| Data block |

◇ ◇ ◇ ◇

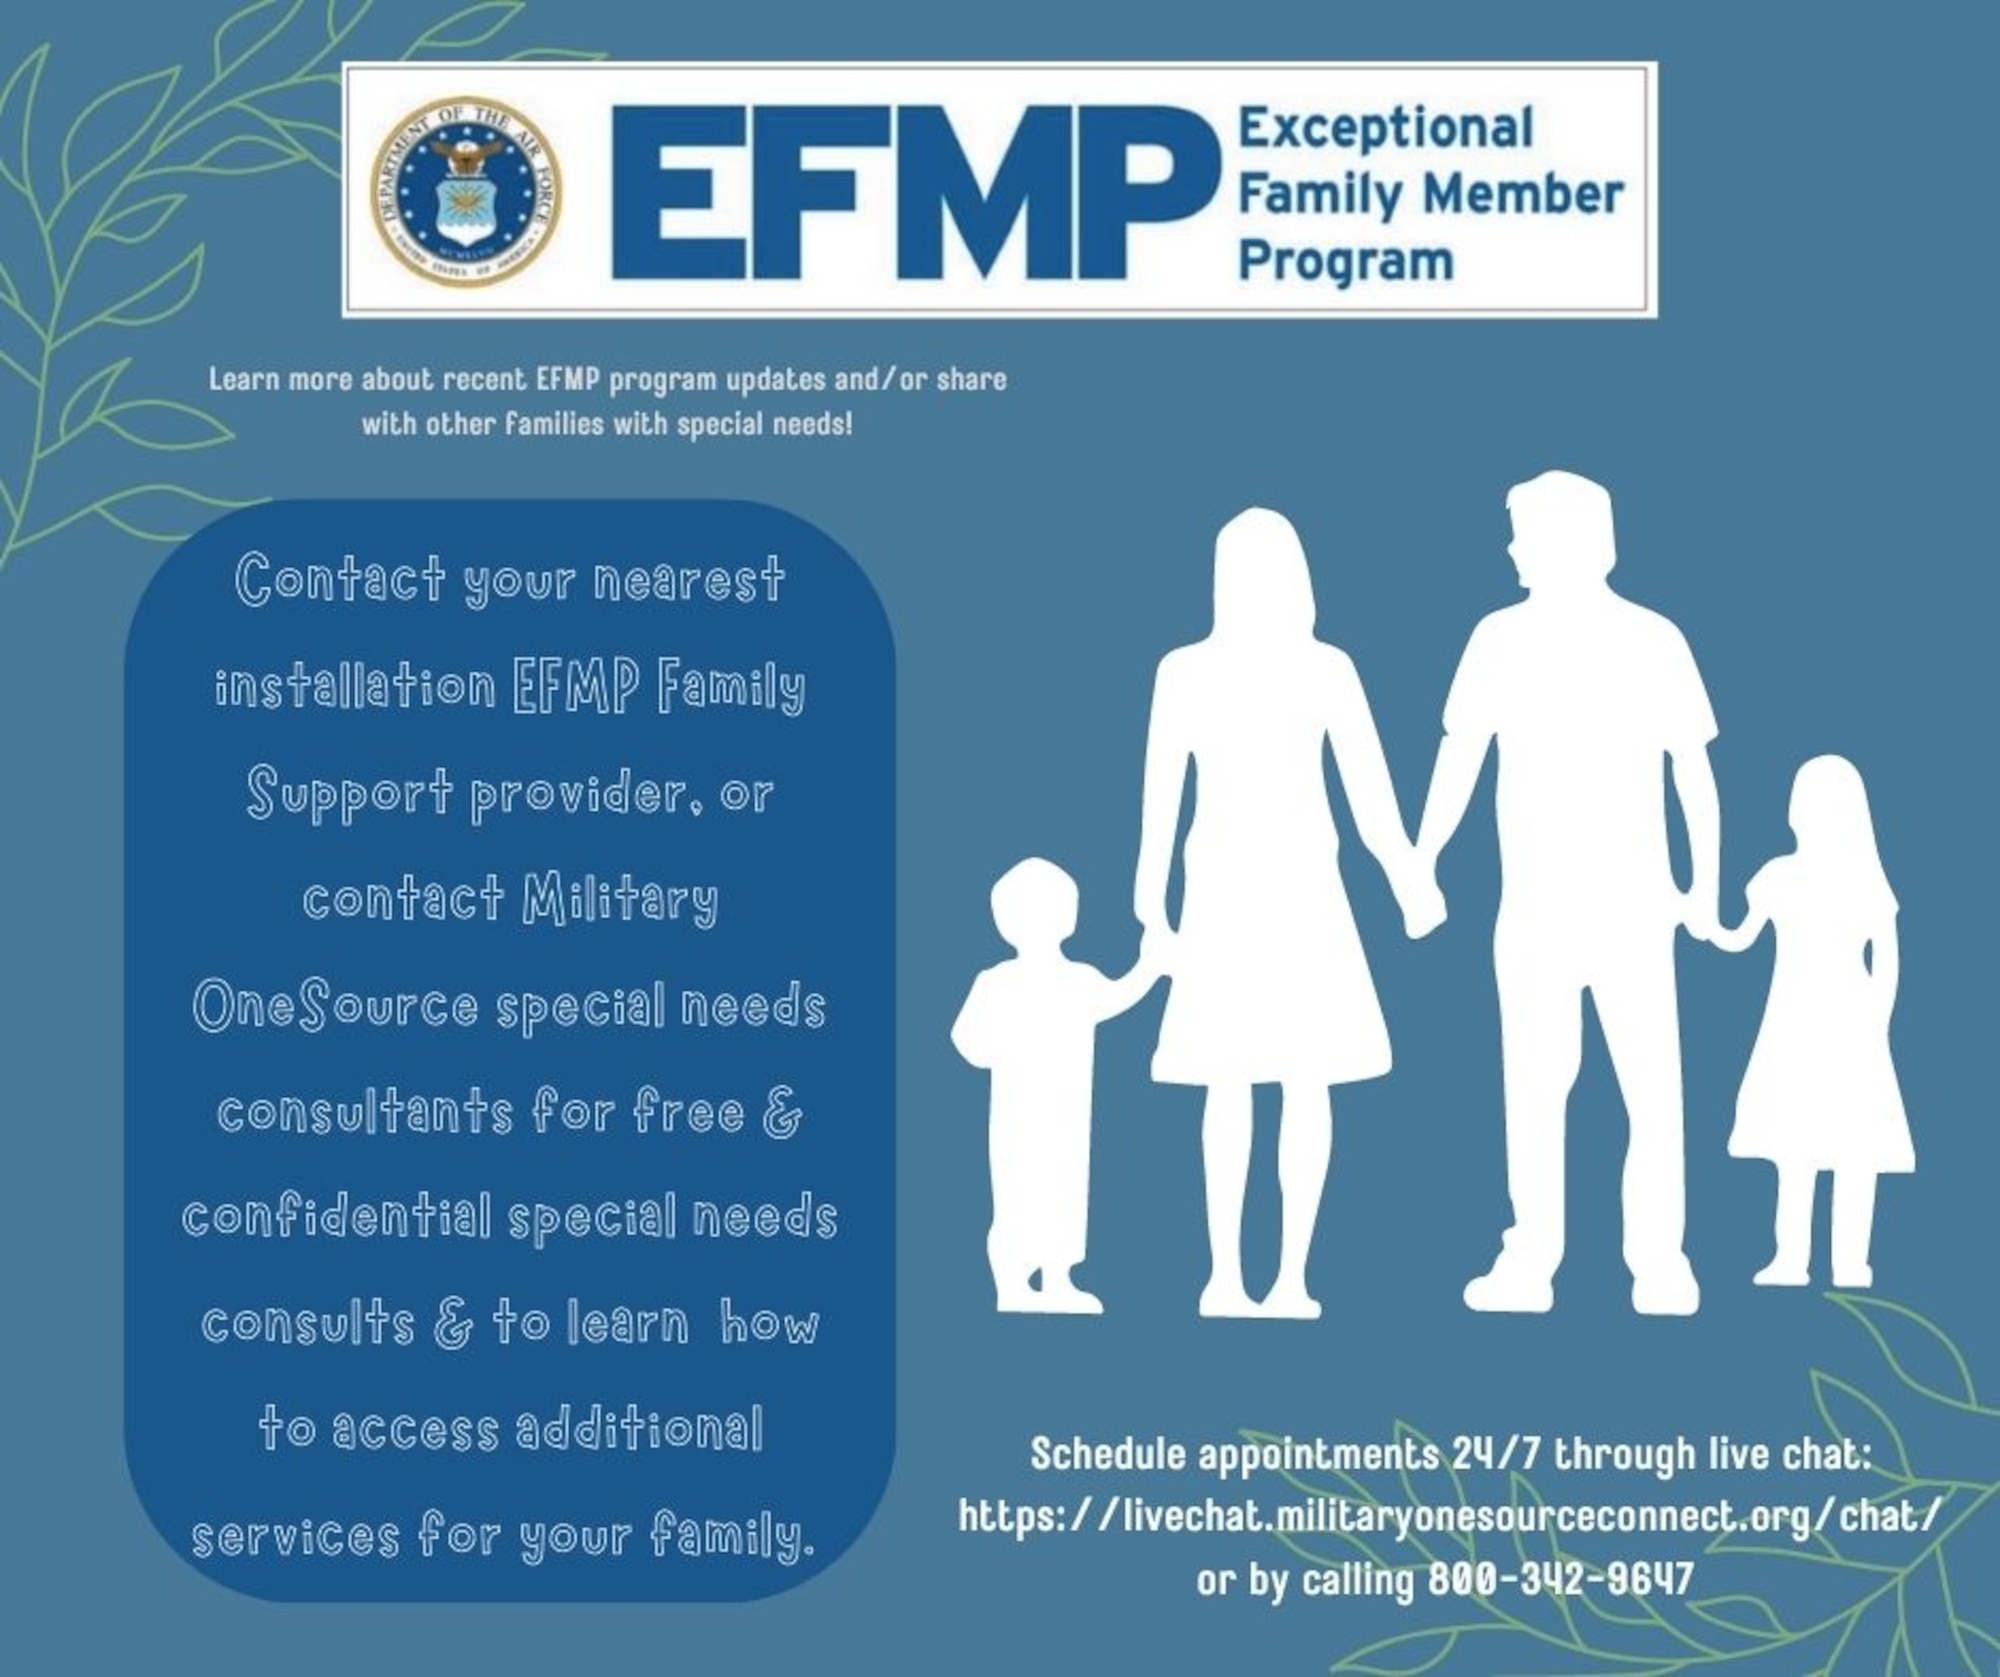 The Exceptional Family Member Program (EFMP) has undergone enterprise-wide changes to their processes since September 2021.
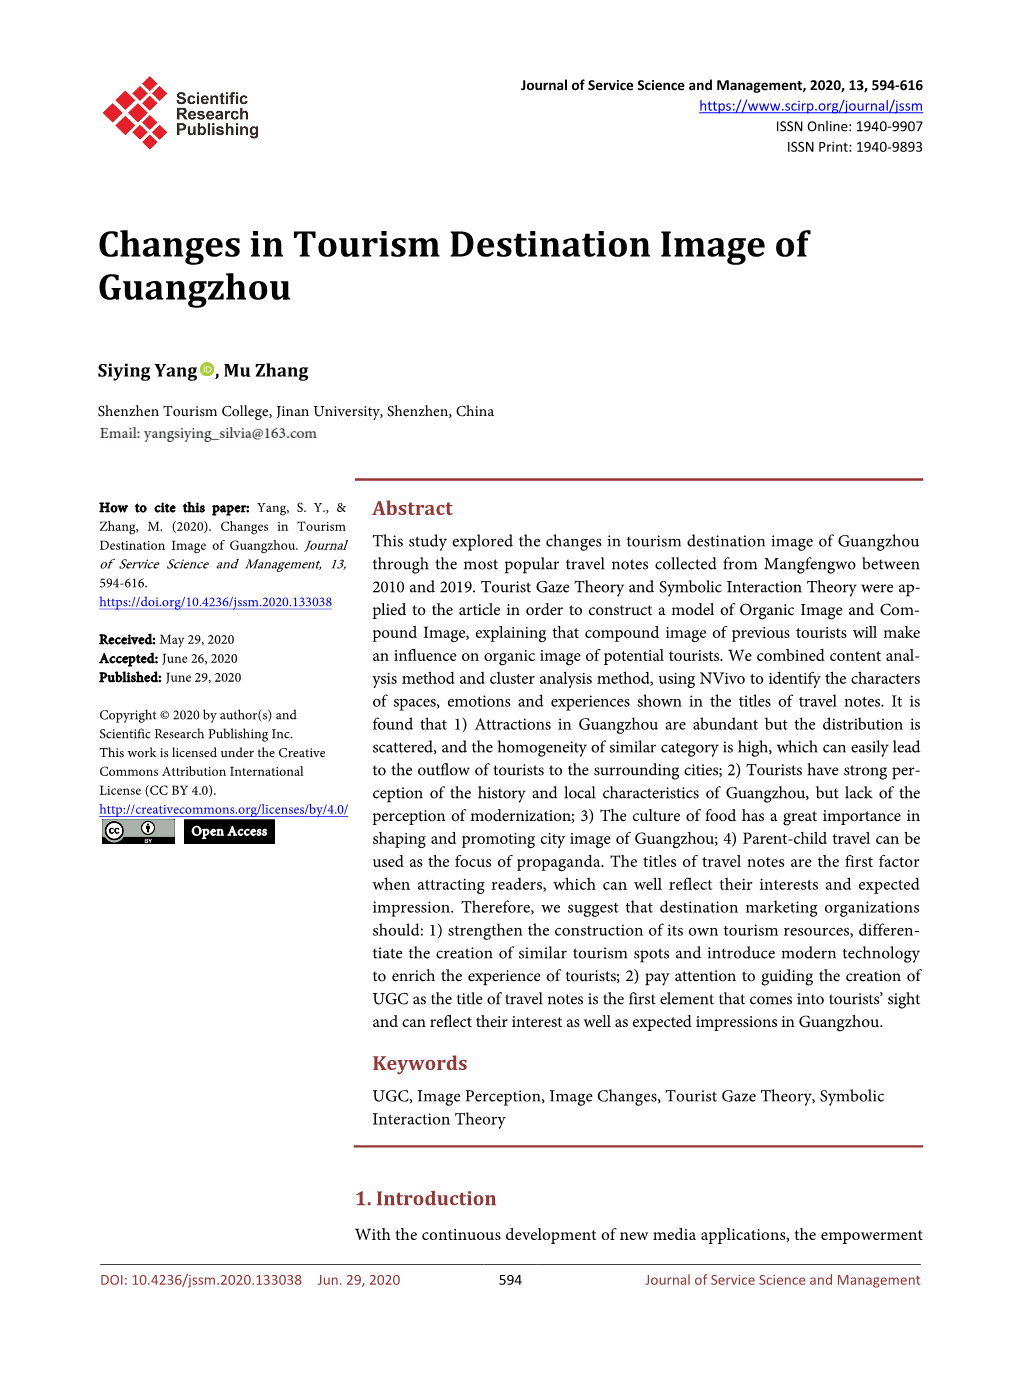 Changes in Tourism Destination Image of Guangzhou
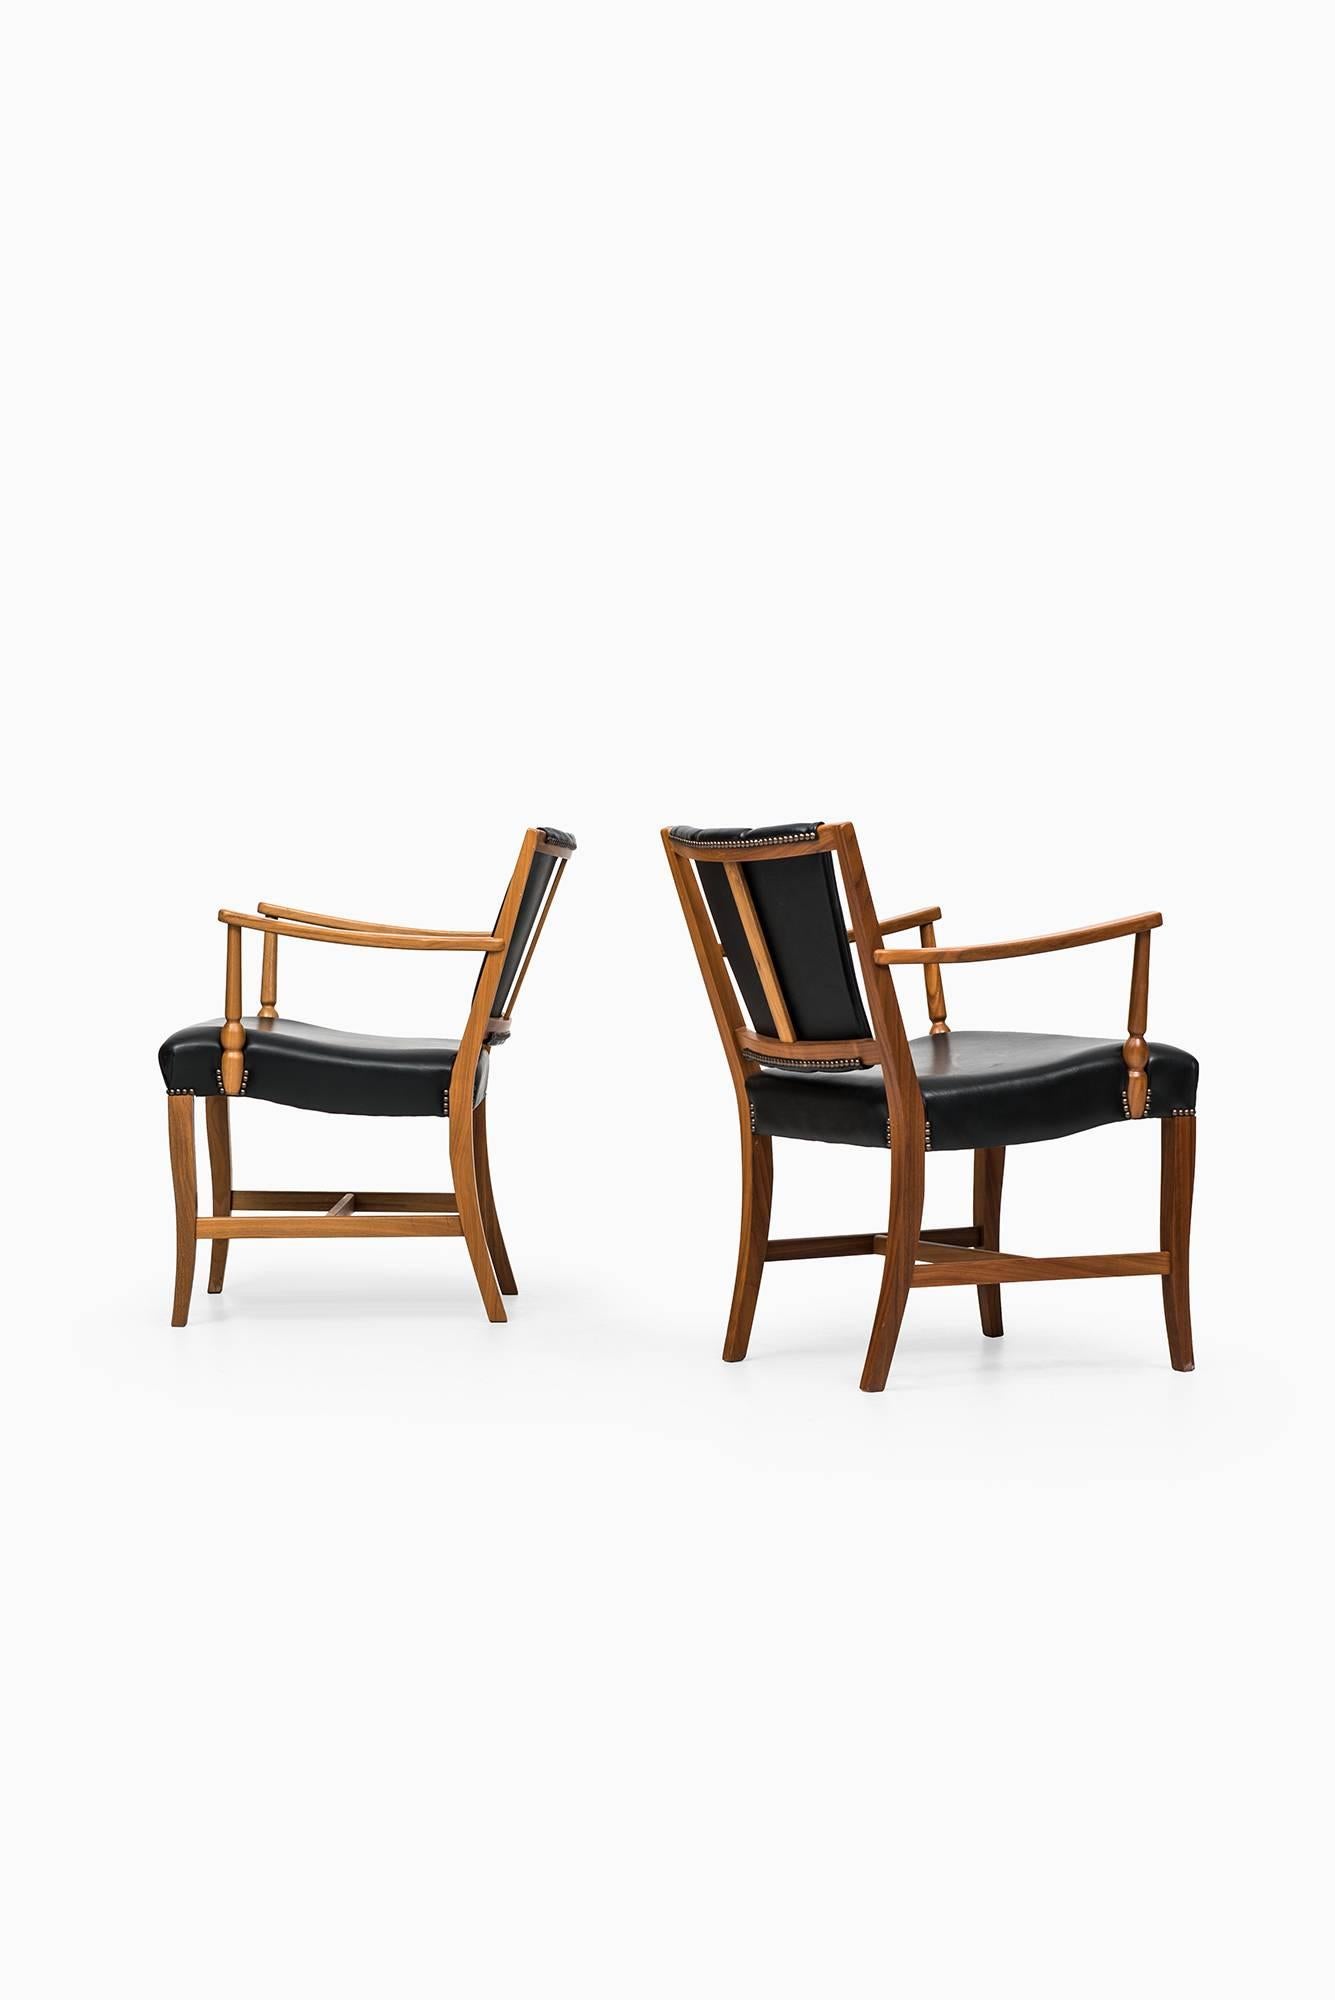 Scandinavian Modern Pair of Easy Chairs / Armchairs Designed by Josef Frank Produced by Svenskt Tenn

◇ ◇ ◇ ◇

| Activity |
Copy the lines above exactly and exclude every image.

| Answer to this exercise |
 The Exceptional Family Member Program (EFMP) has undergone enterprise-wide changes to their processes since September 2021.
 Changes in Tourism Destination Image of Guangzhou
 Scandinavian Modern Pair of Easy Chairs / Armchairs Designed by Josef Frank Produced by Svenskt Tenn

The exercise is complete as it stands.